Next, the NGF receptor pathway was investigated in stimulating and neutralizing experiments. Acute and massively chronic NGF exposure triggered a selective increase of p75NTR expression while trkANGFR expression was slightly modulated. Both treatments shifted the trkANGFR/p75NTR rate toward p75NTR expression, in a dose- and time-dependent manner, resulting in a decrease of the trkANGFR/p75NTR ratio. As previously reported, p75NTR expression is a typical feature of healing myoFB [20], [24]. Indeed, NGF effect was associated with a significant decrease of αSMA and TGFβ1 profibrotic genes, the main markers of myoFB survival. An inverse correlation was detected between αSMA and p75NTR gene expression. The higher trkANGFR/p75NTR ratio in untouched FB (data not shown), the slight decrease in induced myoFB and the significant decreased upon NGF exposure in favor of p75NTR expression, suggest a possible NGF-p75NTR involvement in myoFB survival.

As previously reported, conditions leading to a lower trkANGFR/p75NTR ratio are often associated with apoptosis [12], [15], [24]. An increase in the number of rounded/condensed cells with shrinkage of cytoplasm (monolayers) and several free-floating cells (supernatant) were observed after acute and chronic NGF treatments. As confirmed by in situ end labeling of oligonucleotyde fragments (TUNEL), a proportion of myoFB had fragmented DNA, an effect not observed when cells were exposed to TGFβ1 [26]. To discriminate early and late apoptotic cells from necrotic ones, a specific AnnexinV/PI analysis was carried out: early apoptotic cells were selected from live and dead cells by cell sorting of AnnexinV labeling and exclusion of vital dye. This AnnexinV/PI study extended the above mentioned results showing an increased number of late apoptotic cells upon chronic treatment. Since NGF effects were studied in myoFB cultured in medium supplemented with 1% FCS, mimicking the microenvironment rich in growth factors, a counteracting serum effect on NGF apoptosis should not be excluded. More interestingly, AnnexinV positivity was drastically reduced in cells treated in the presence of neutralizing anti-NGF antibodies or in cells pretreated with chemical receptor neutralizers, suggesting a task for NGF and its receptors at the resolution of the repair process.

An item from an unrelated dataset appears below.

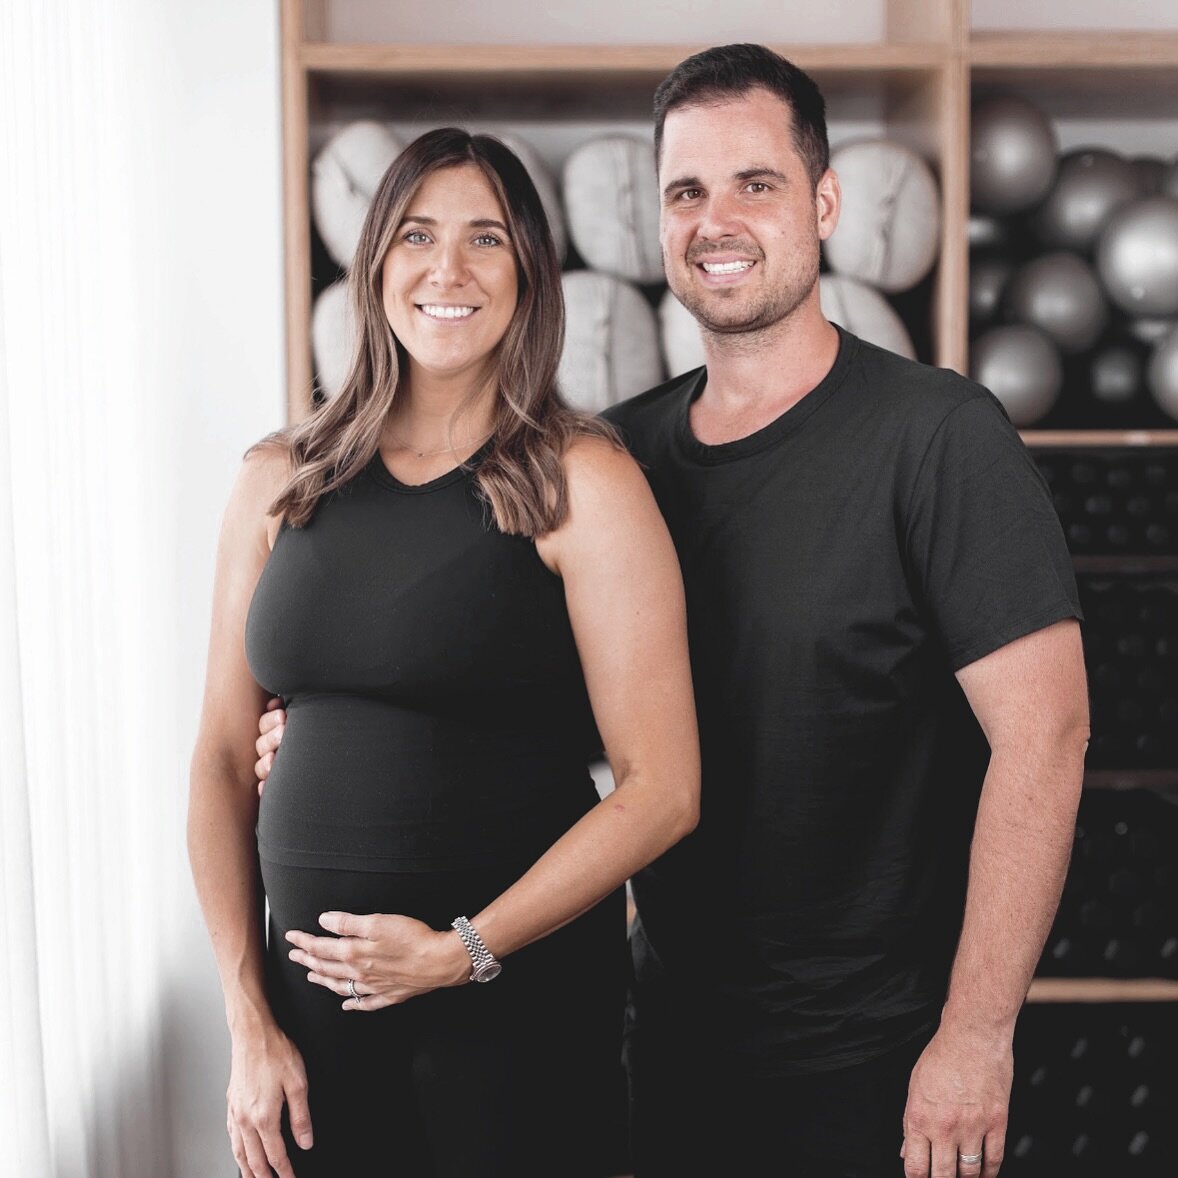 👋🏼Meet the founders &amp; faces of Sixtwo👋🏼
Hey Sixtwo fam, new clients, OG clients, followers, and soon to be clients, we are Steph &amp; Phil the founders and parents of Sixtwo Pilates &amp; Yoga. I (Steph) was a women&rsquo;s wear designer for

Arising from quiescent FB and transiently expressed during wound-healing, myoFB play a crucial role in the late phases of the repair process being responsible for the ECM deposition and contraction [2][4], [17]. MyoFB disappearance has been documented during remodeling stages or in fibrotic tissues, suggesting that a gene-directed cellular self-destruction (apoptosis) is necessary for resolution of fibrosis [27]. Unwanted persistence of myoFB could be one of the causes for excessive scarring and fibrosis [28], [29]. MyoFB resistance to apoptosis seems to be strongly regulated by cytokines and growth factors, which might influence the microenvironment [5]. TGFβ1 is unequivocally recognized as inducing survival of myoFB both in vitro and in vivo, even though other growth factors and cytokines might contribute significantly [5], [26]. The observation that apoptosis paralleled TGFβ1 and αSMA down-regulations might suggest a possible NGF modulation of myoFB survival directly by inducing apoptosis or indirectly by decreasing TGFβ1 levels [29]. In line with this observation, TGFβ1 is also a survival factor for myoFB and is always increased in fibrotic tissues [5], [17], [26]. In the context of in vivo fibrotic-tissue system, we might hypothesize that NGF might trigger “selective” apoptosis, after being released by (primed)-FB/myoFB and other similar cell types populating the wounded area. From our study, TGFβ1 continued to stimulate NGF productions (data not shown). This hypothesis is in line with previous studies indicating that fetal FB express high amounts of NGF and scarring phenomena not present during the fetal period and that NGF topical application allows proper healing and does not trigger fibrosis in injured tissues [30], [9], [19], [23].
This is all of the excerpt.